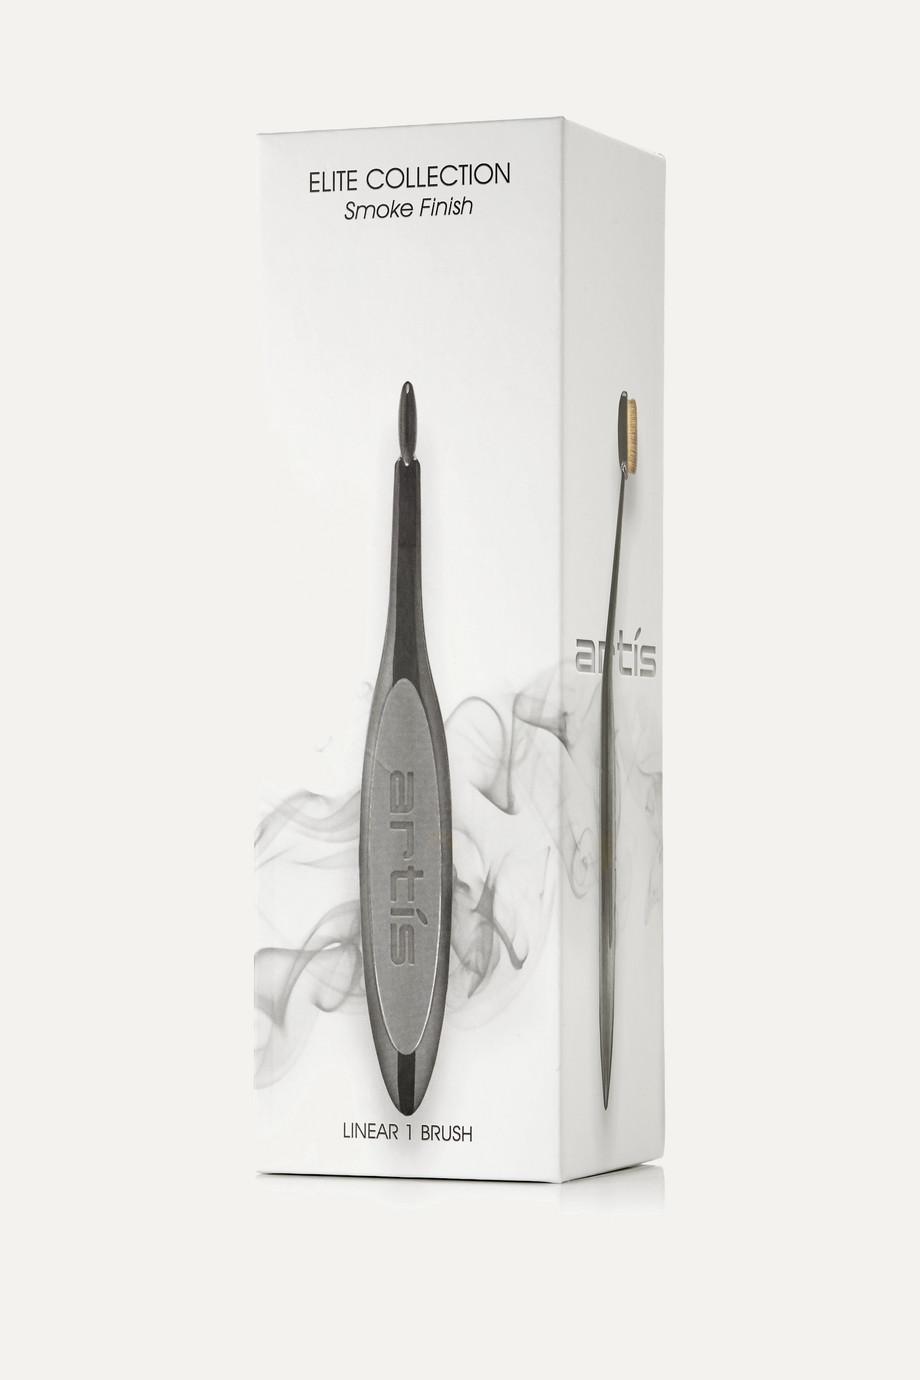 Artis Brush Next Generation Elite Smoke Linear 1 Brush
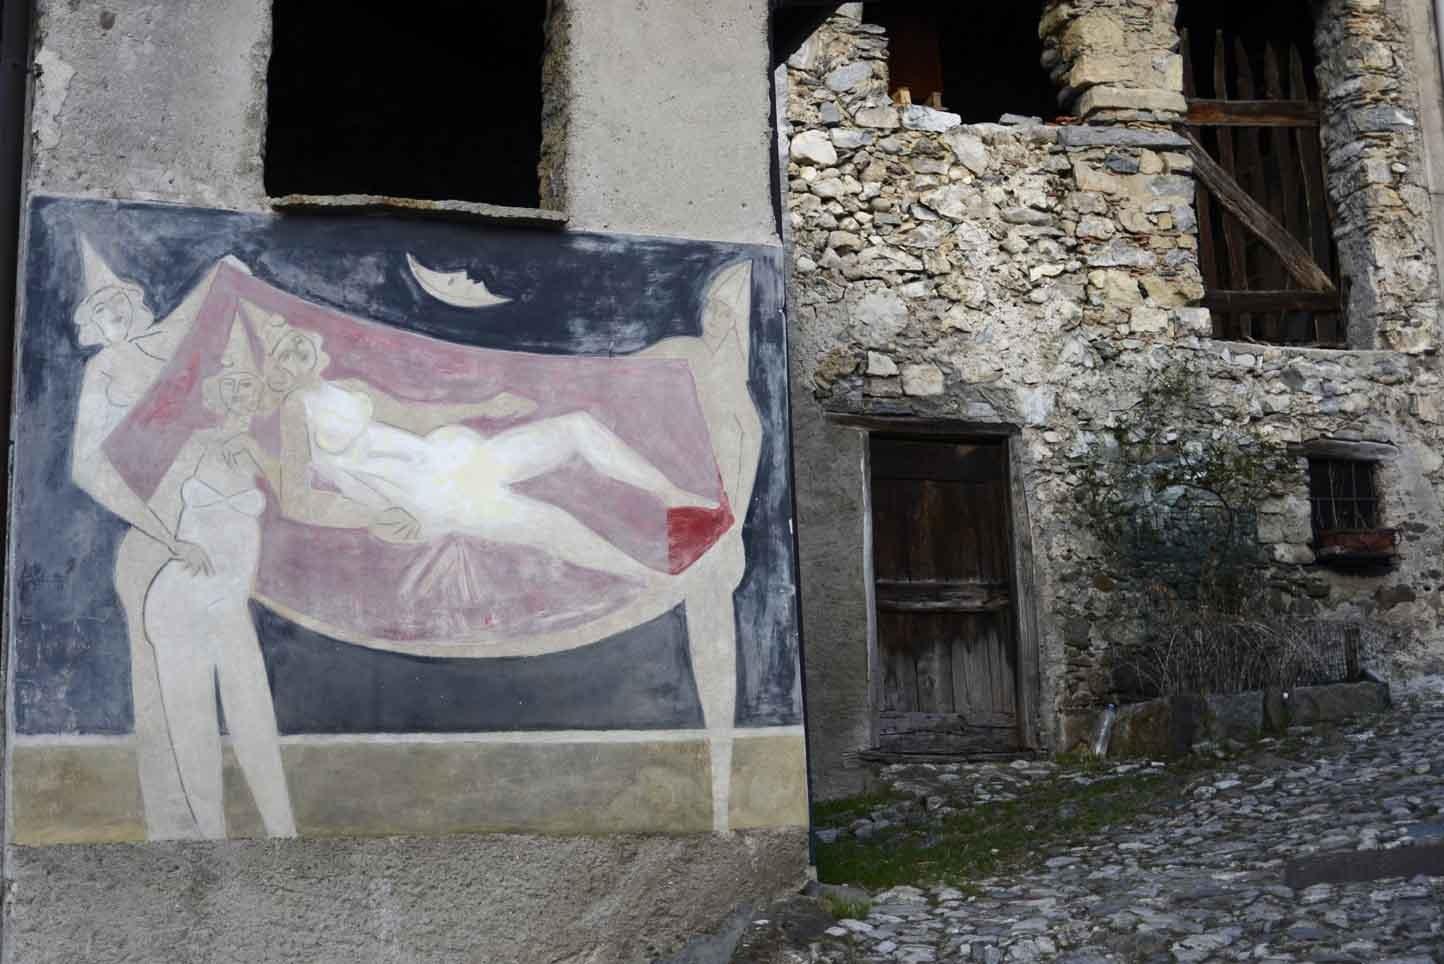 arcumeggia-15.-sante-monachesi-trionfo-di-gea-ph-vgiannella
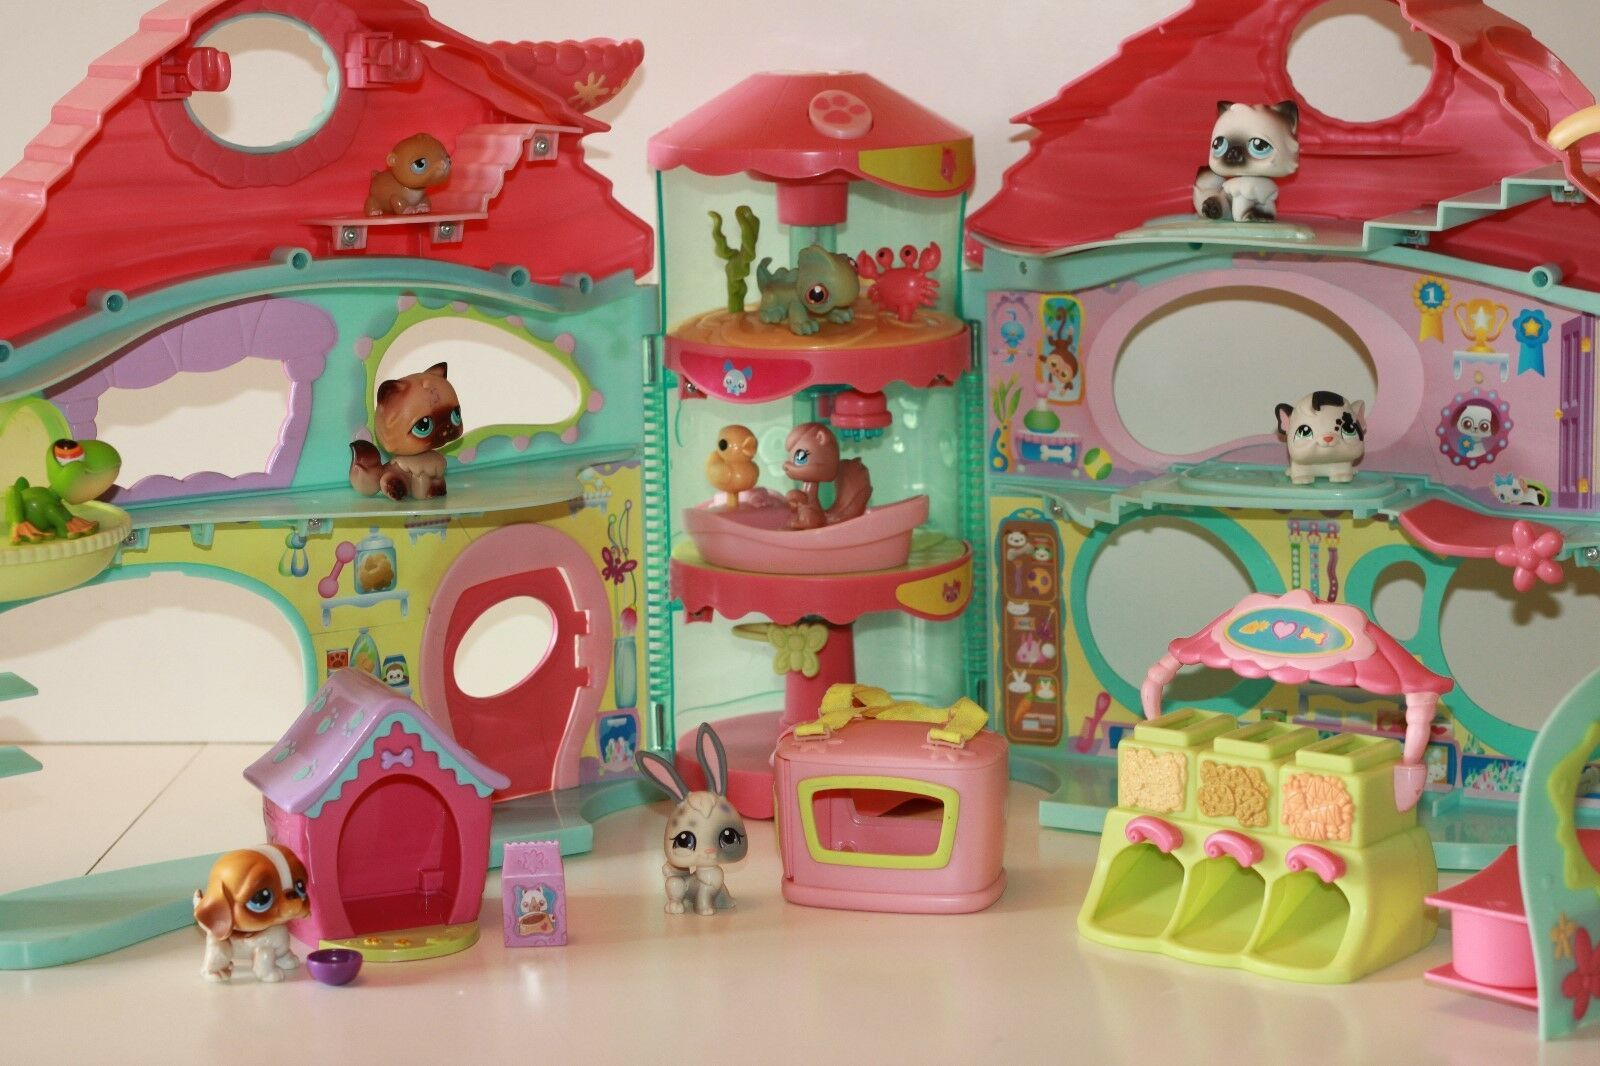 Biggest Littlest Pet Shop Lps House Play Set 10 Figures

──────────────────────────────

In the copy, include exactly the lines from the one with "arcumeggia-15.-sante-monachesi-trionfo-di-gea-ph-vgiannella" through the final line of the data, both ends included, and no pictures.

▸ RESULT OF THE TASK
 arcumeggia-15.-sante-monachesi-trionfo-di-gea-ph-vgiannella
 Biggest Littlest Pet Shop Lps House Play Set 10 Figures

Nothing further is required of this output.